A parser is a complex program. As such, you are strongly encouraged to form groups of 2 or 3 again for this assignment. You need not maintain the same groups you had for the tokenizer unless you wish to do so.

You can find and run the executable for my solution code for this program on noreaster.teresco.org in /home/cs340/probsets/parser/ .

Commit and push often, and use meaningful commit messages. It's only a small part of the grade, but it's The Right Thing To Do.

Getting Set Up

You will receive an email with the link to follow to set up your GitHub repository for this problem set (ps4-yourgitname). If you are working on this problem set with a partner, one member of the group should follow the link to set up the repository on GitHub. Your problem set partner will receive a subsequent email with a link to follow that will grant them the rights to clone the repository and commit and push changes to the origin on GitHub.
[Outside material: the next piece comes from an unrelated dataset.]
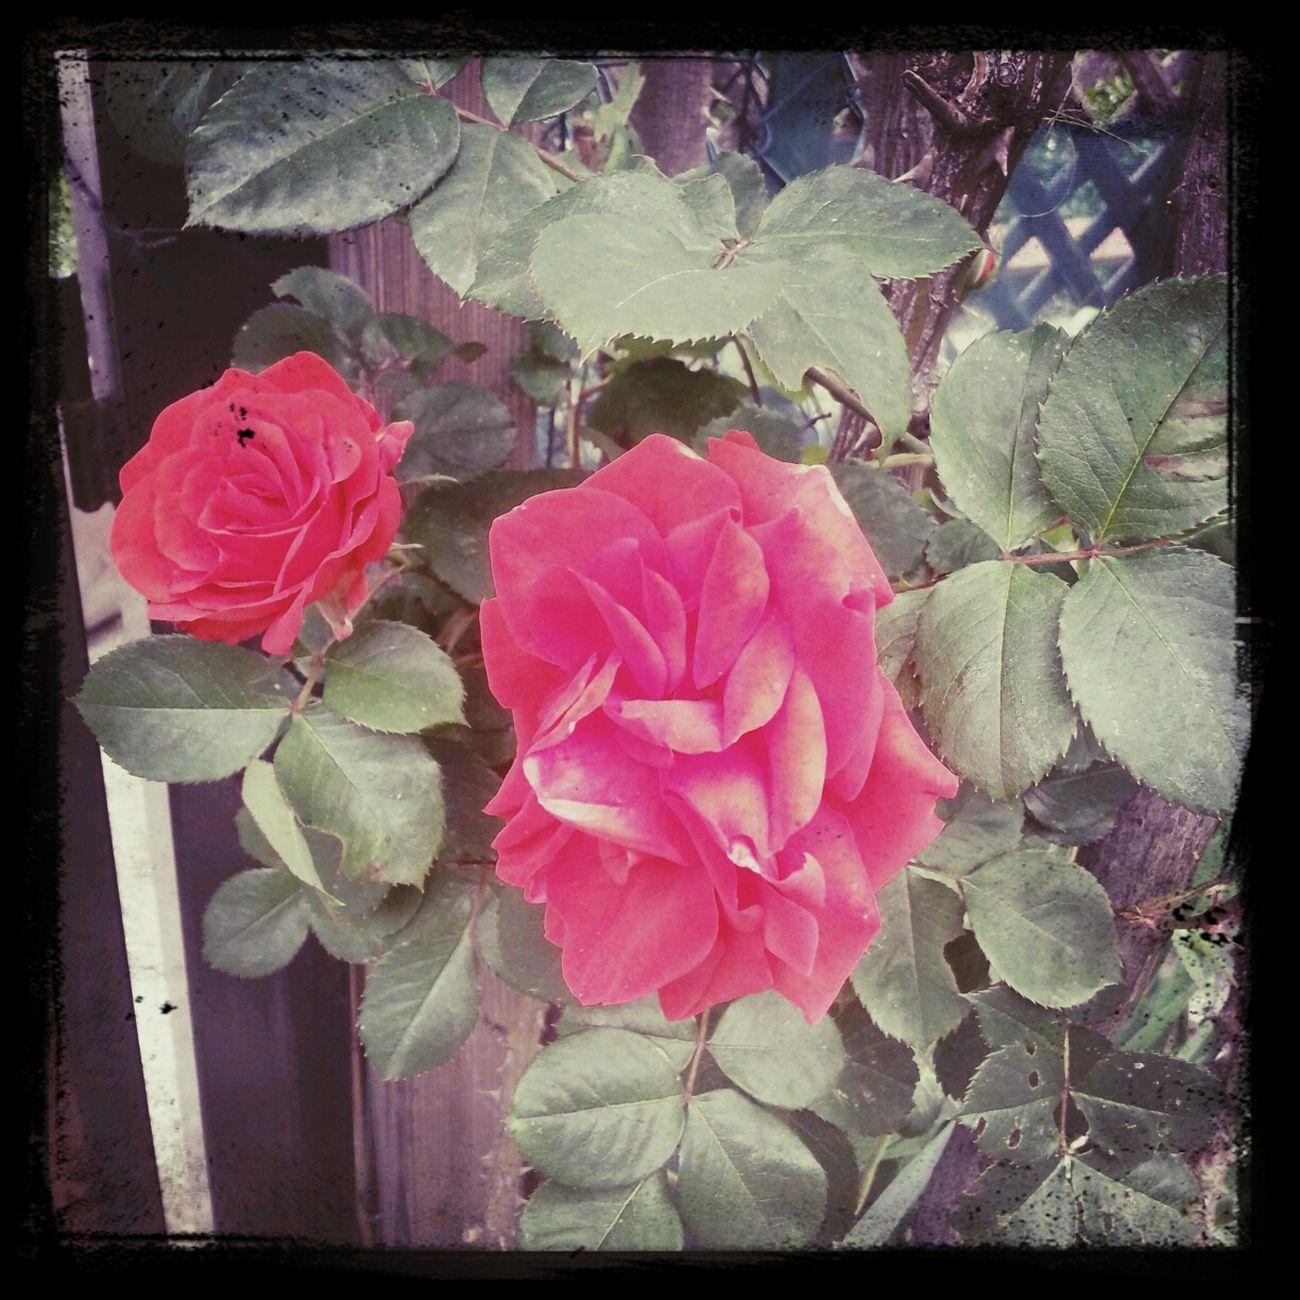 Festadellamamma Red Rose Flowers,Plants & Garden

By 4:00 PM, Tuesday, October 1, 2019, all repositories must be created and if working in a group, the partner who did not create the repository must have write access to the repository. Your name(s) must be in the repository by this deadline as well.

Parser Requirements

You will be using the grammar specified on the Tokenizer Problem Set description.

Your tasks are

  1. Determine from the BNF grammar which rules need to "make choices" and how they will make those choices. That is, those rules that have two or more options on their right hand side, how will your parser know which rule to apply. For this, you will need to determine what the "first" token set is for each choice.

    For example, the <iterative-statement> rule can be either a <while-statement> or a <for-statement> We can readily determine which of these to apply. If the next token is the while keyword, we have encountered a while statement, a for keyword indicates a for statement, and any other token means there is an error.
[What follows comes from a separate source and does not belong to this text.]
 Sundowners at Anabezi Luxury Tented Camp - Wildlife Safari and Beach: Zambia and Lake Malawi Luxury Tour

  2. Write a C program parser.c that takes as its input a single command-line parameter, the name of a file that contains a lC program. It should follow the model of the improved "recdescent" example in how it scans the initializes the lexer, and calls the start nonterminal (in this case, program).
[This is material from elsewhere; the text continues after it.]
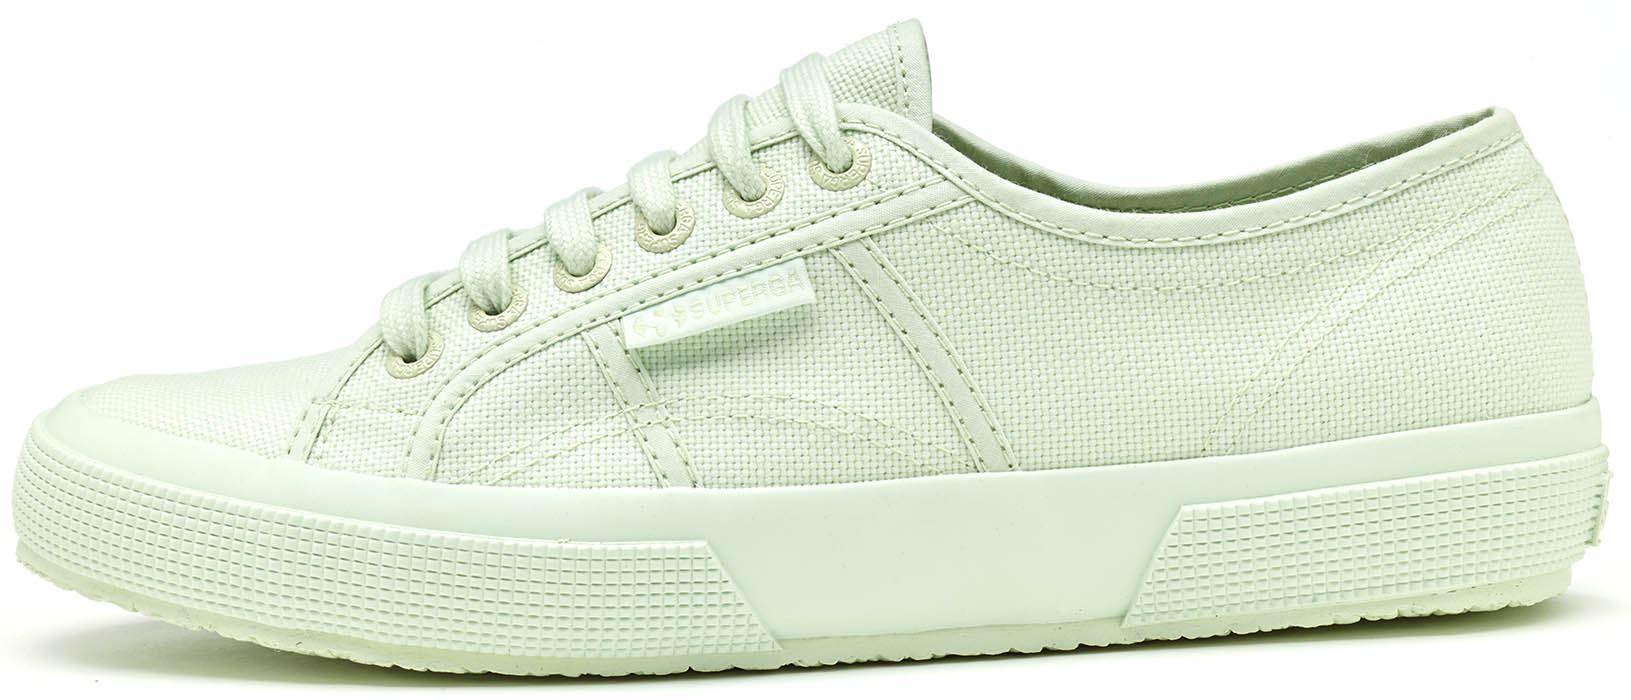 Superga 2750 Cotu Classic Shoes 41 EU Beige oleDmA

To get started, combine your lC tokenizer code with the basic framework found in the "recdescent" example. You will need to replace the functions expr(), term(), and factor() with functions for all of the nonterminals in the lC grammar. You should name the functions the same as the nonterminals, but replace dashes with underscores.

You will have a function for each nonterminal in the grammar. Some are quite short, others have more work to do. In most cases, it will be clear what you need to do from looking at the BNF rule and the "first" tokens that will cause a particular rule to be applied. The trickiest rule might be the <statement-list>, which consists of a statement, possibly followed by another <statement-list>. In this case, you need to look at the BNF rule that produces a <statement-list> to determine when we need to call it again, and when the <statement-list> should end.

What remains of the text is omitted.